Daring Fireball on accepting comments

Gadget blog drama time! John Gruber, proprietor of Daring Fireball, responds to a complaint from pundit Joe Wilcox, who believes that Gruber should publish Wilcox's responses at DF itself to make the conversation fair. Gruber's having none of it:

You write on your site; I write on mine. That's a response. I don't use comments on Wilcox's site to respond publicly to his pieces, but somehow it's unfair that he can't use comments on my site to respond to mine? What kind of sense is that even supposed to make?

Now that DF has achieved a modicum of popularity, however, what I tend to get instead aren't queries or complaints about the lack of comments, but rather demands that I add them — demands from entitled people who see that I've built something very nice that draws much attention, and who believe they have a right to share in it.

They don't.

Wilcox's argument is that there are established good practices of the internet that Gruber fails to live up to out of cowardice, to shore up the authority of his analysis.

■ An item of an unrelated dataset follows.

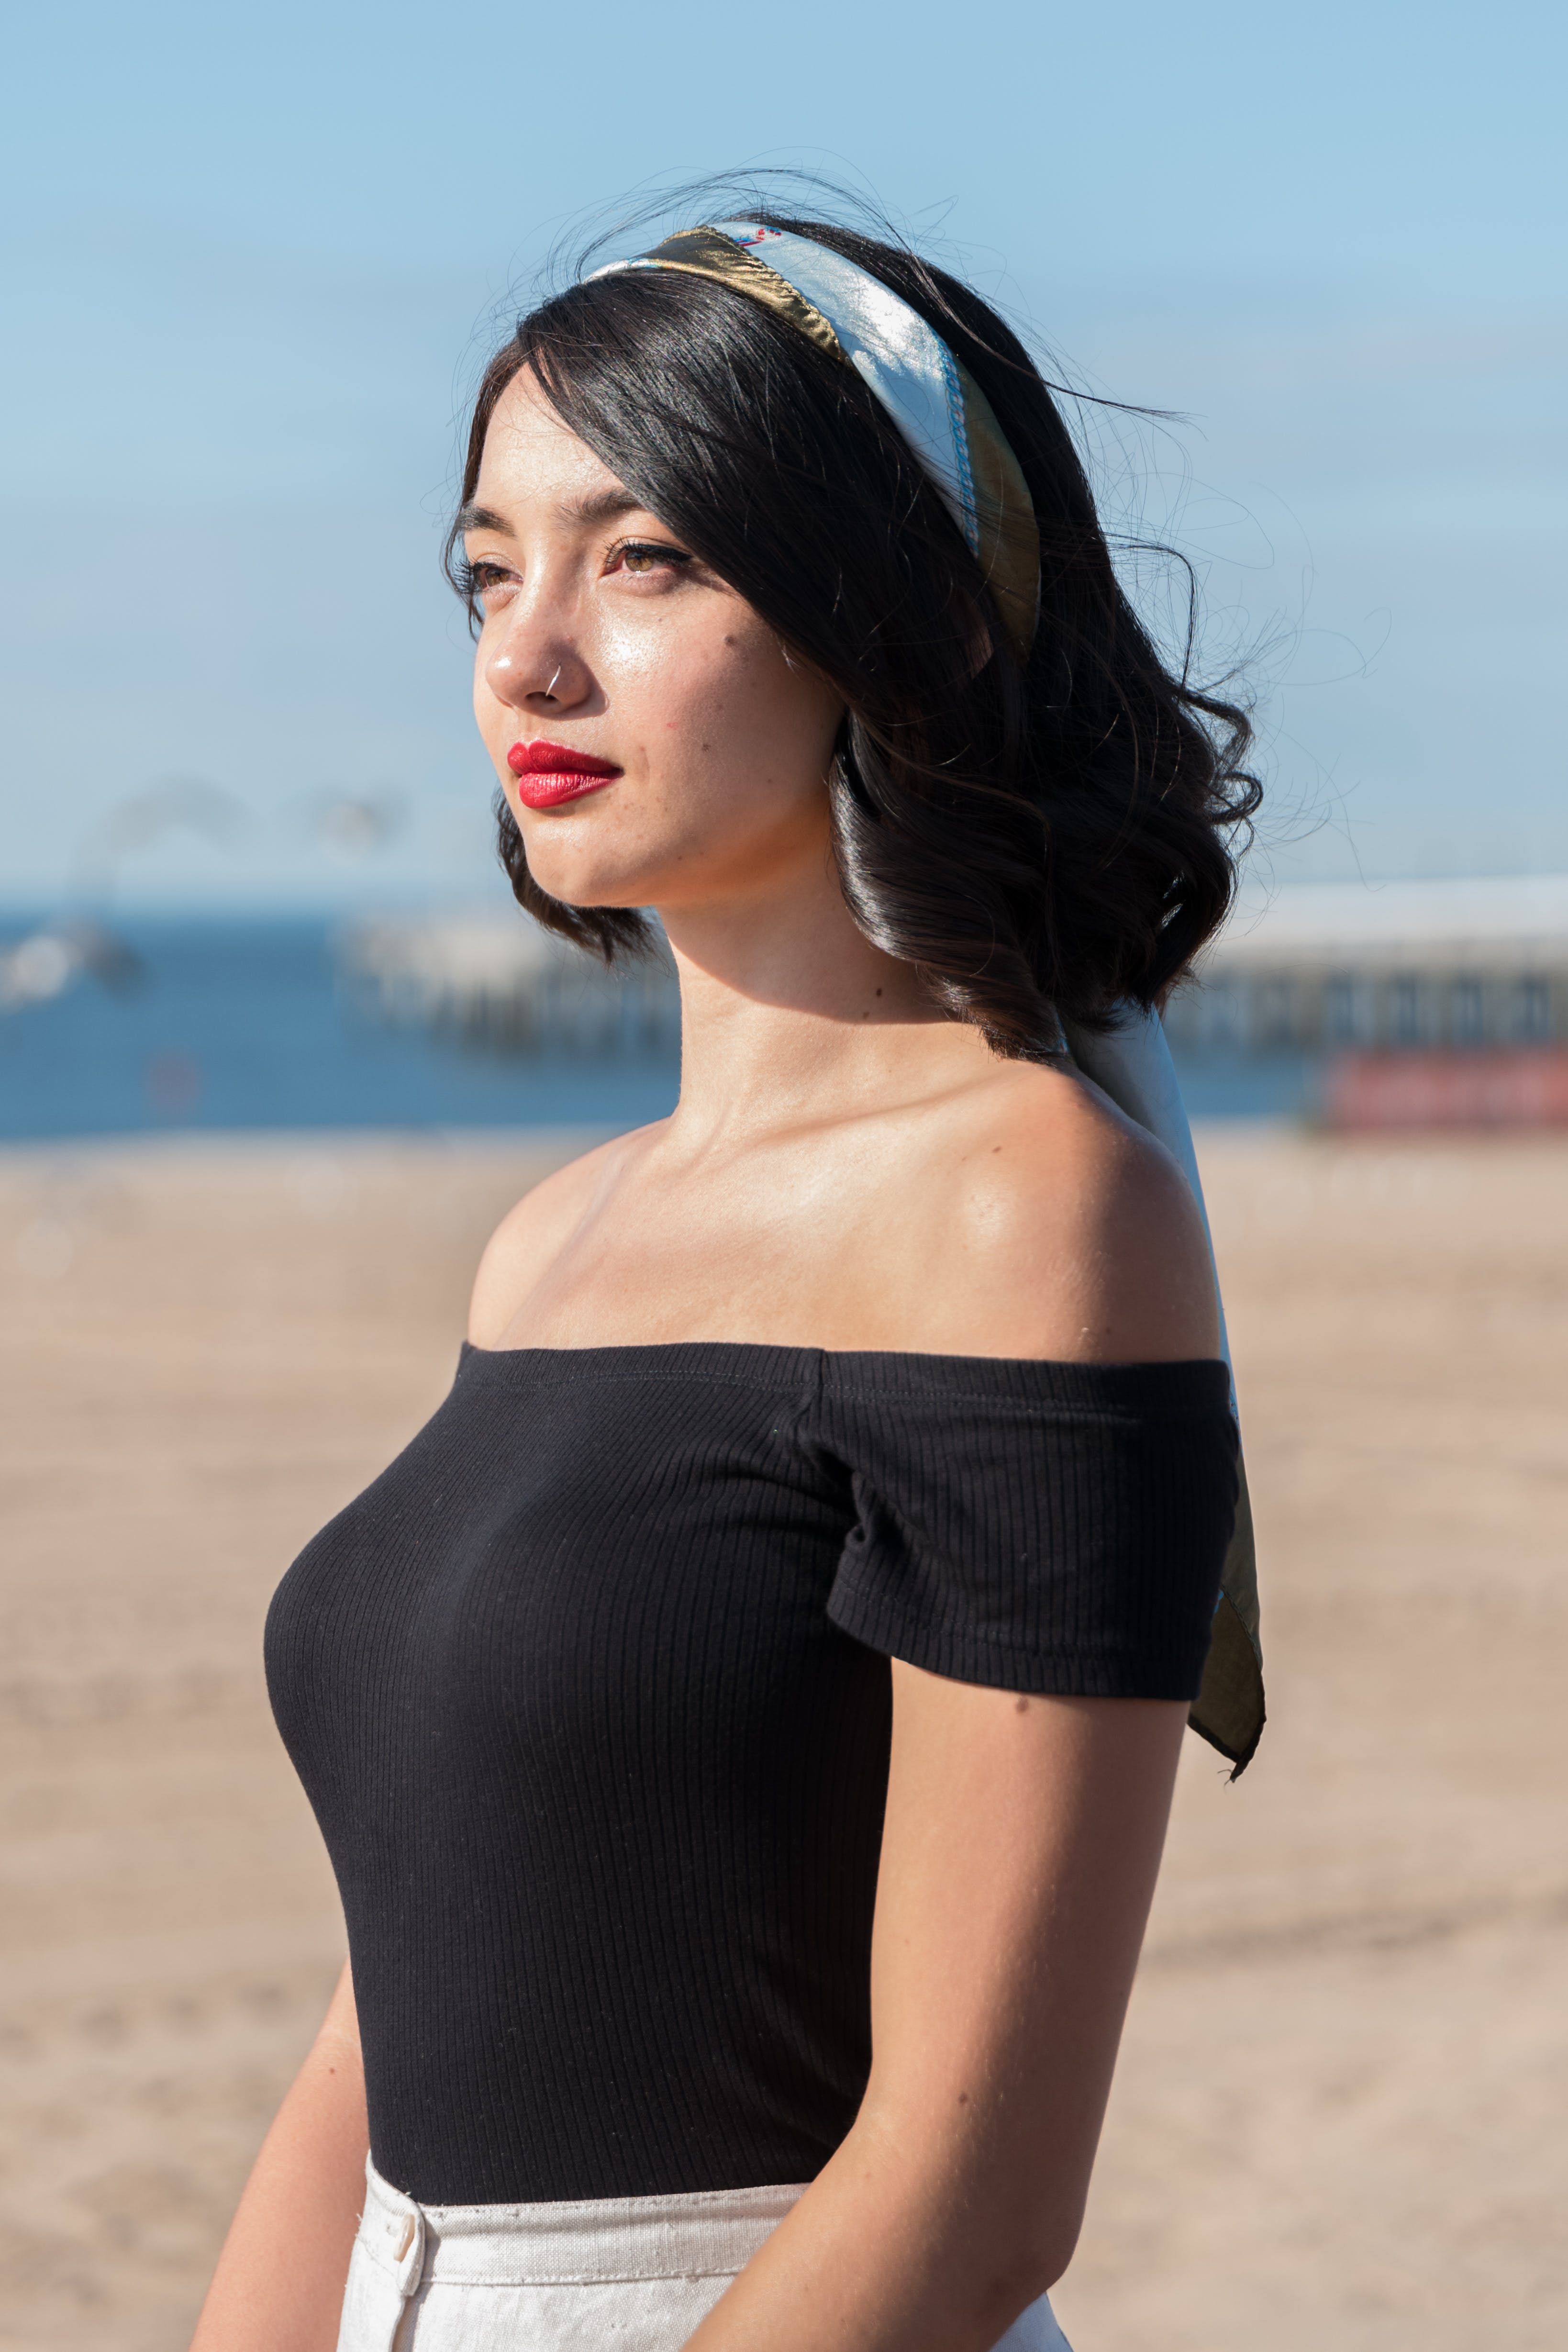 Photo Of Woman Wearing Black Off Shoulders

But Gruber's right: everyone who wants to respond can do so at their own websites. Why isn't this good enough?

It's as if the exposure offered by being published in the margins of a popular venue is more valuable than the right to publish at your own — as if what people really want is a right to be heard.

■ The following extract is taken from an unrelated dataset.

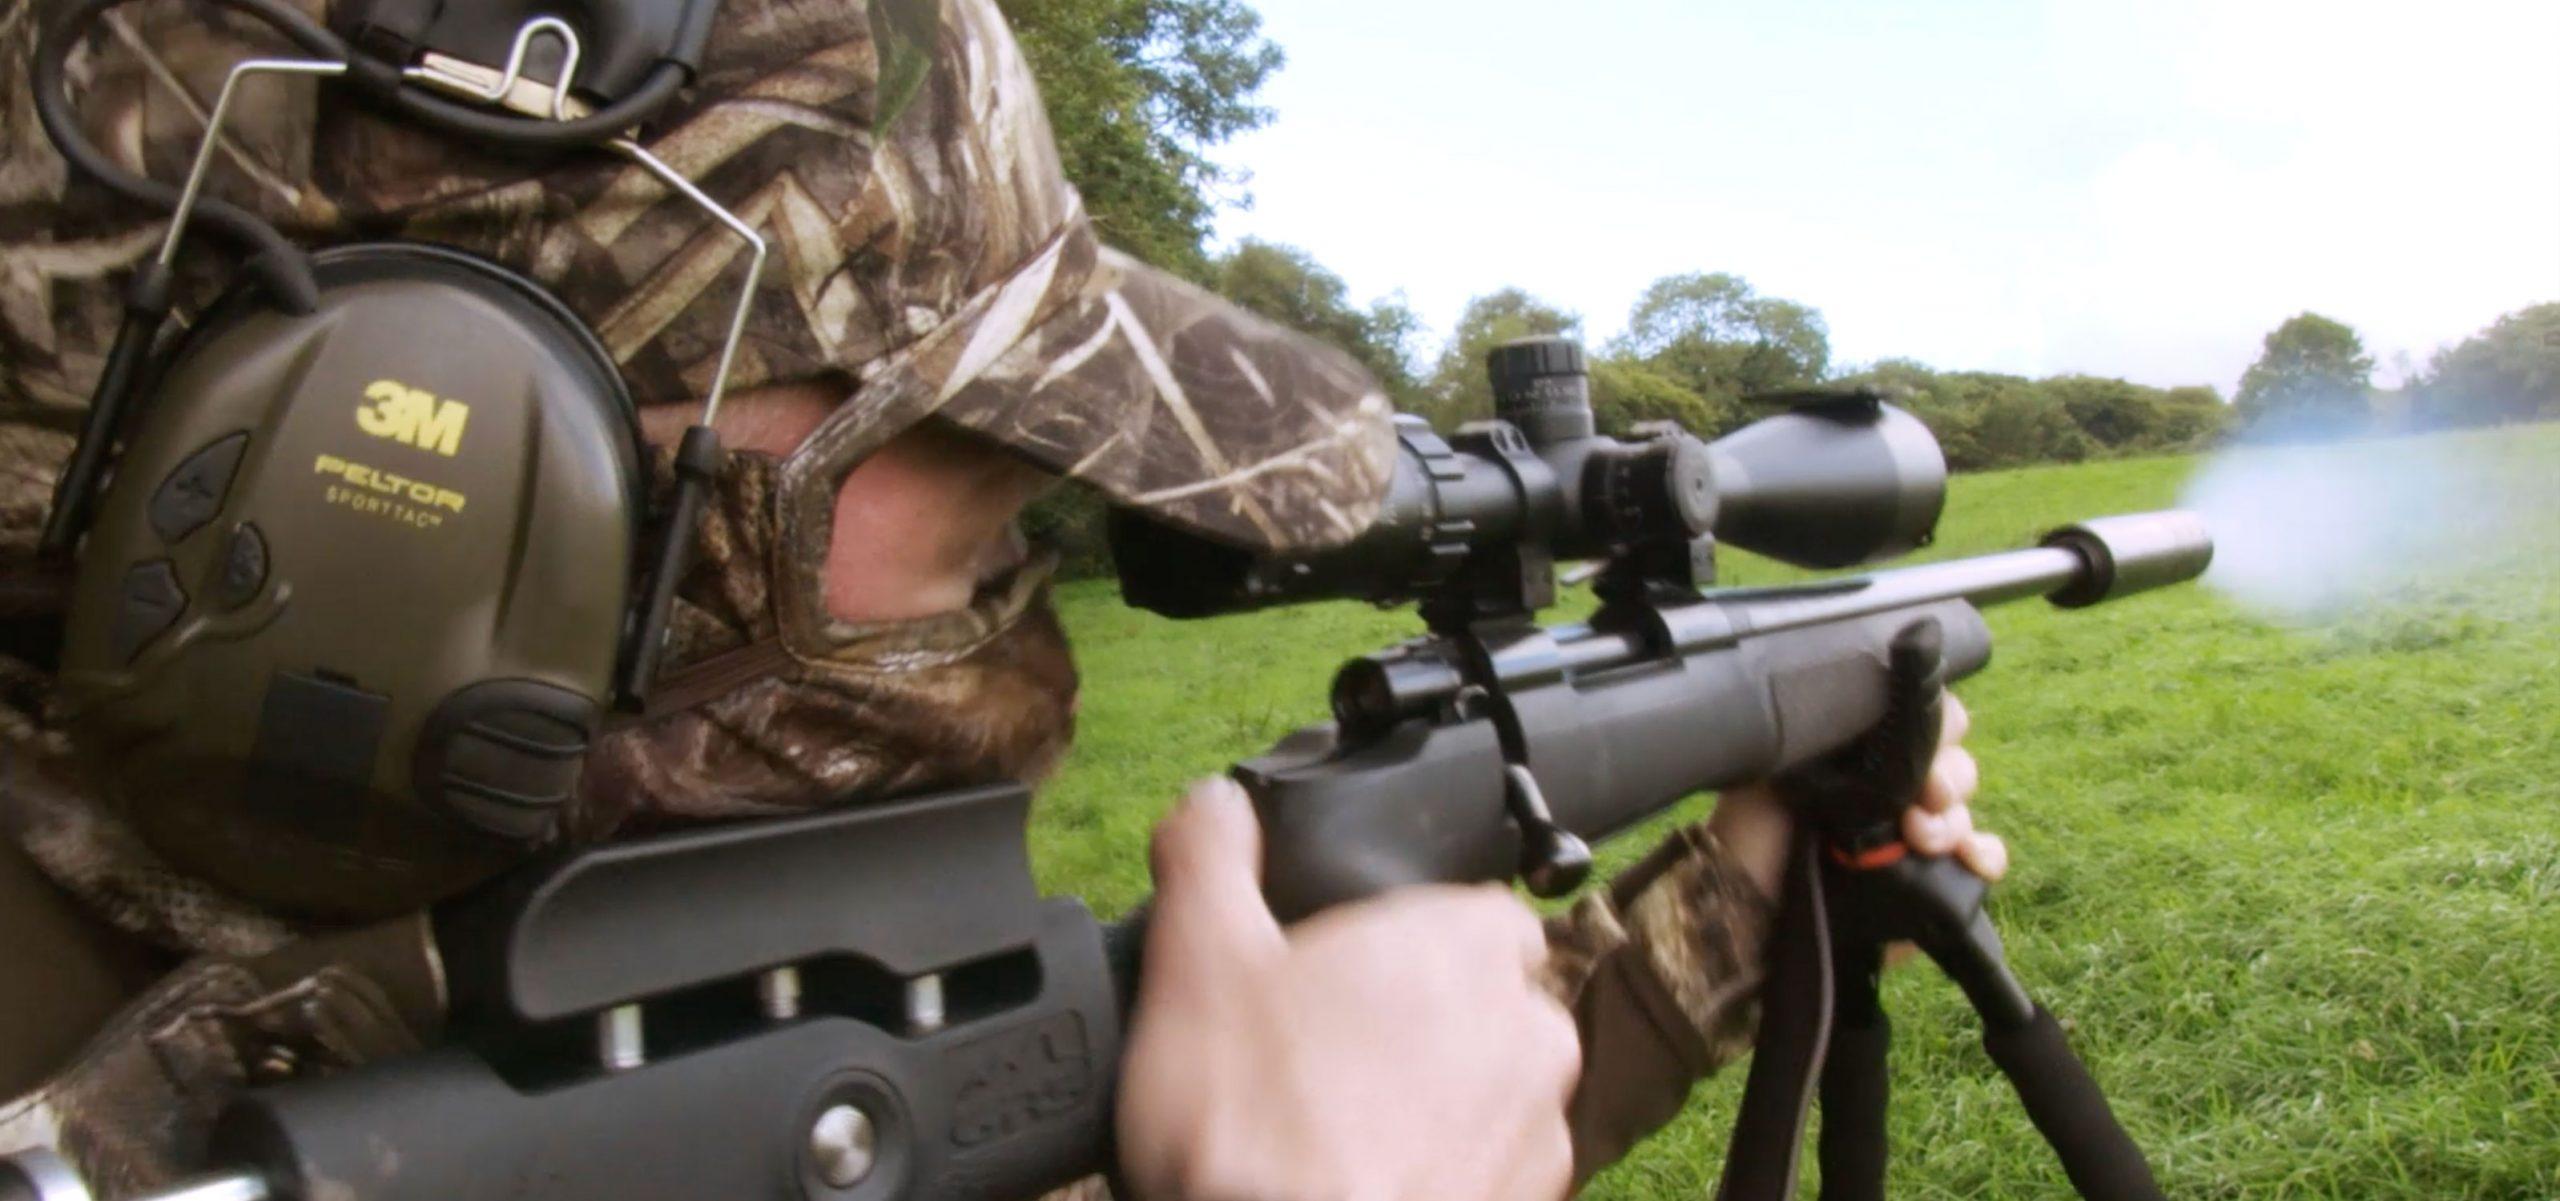 Essential Equipment for Deer Stalking

We accept comments at BoingBoing and publish them automatically, yet receive complaints just as Gruber does — some folks don't want it to be moderated, either. Sometimes, the contention is that accepting comments turns a website into a USENET-style public venue covered only by social conventions. Unfortunately for them, our commenting policy lacks the provision, "Void where prohibited by a sense of entitlement."

Not without reason, some believe that Boingers' vigorous defense of free speech creates a milieux here whereby the comments should be an unfettered, energetic free-for-all. But it's not just about entitlement … more practically, that results in a noisy, infested mess that drowns out anything of quality. We want to create a non-hostile and non-adversarial community environment, even at the cost of criticism. Antinous, Arkizzle and Avram do an unbelievably difficult job making sure the comments are spam- and arsehole-free and otherwise safe to swim. Accepting comments on a widely-read blog creates a lot of work. It's a task no-one should begrudge anyone else for choosing not to do.

That said, if your first-world problem set includes the right to post on a blog specializing in the emergent steampunk and unicorn issues of the day, you're probably our kind of reader.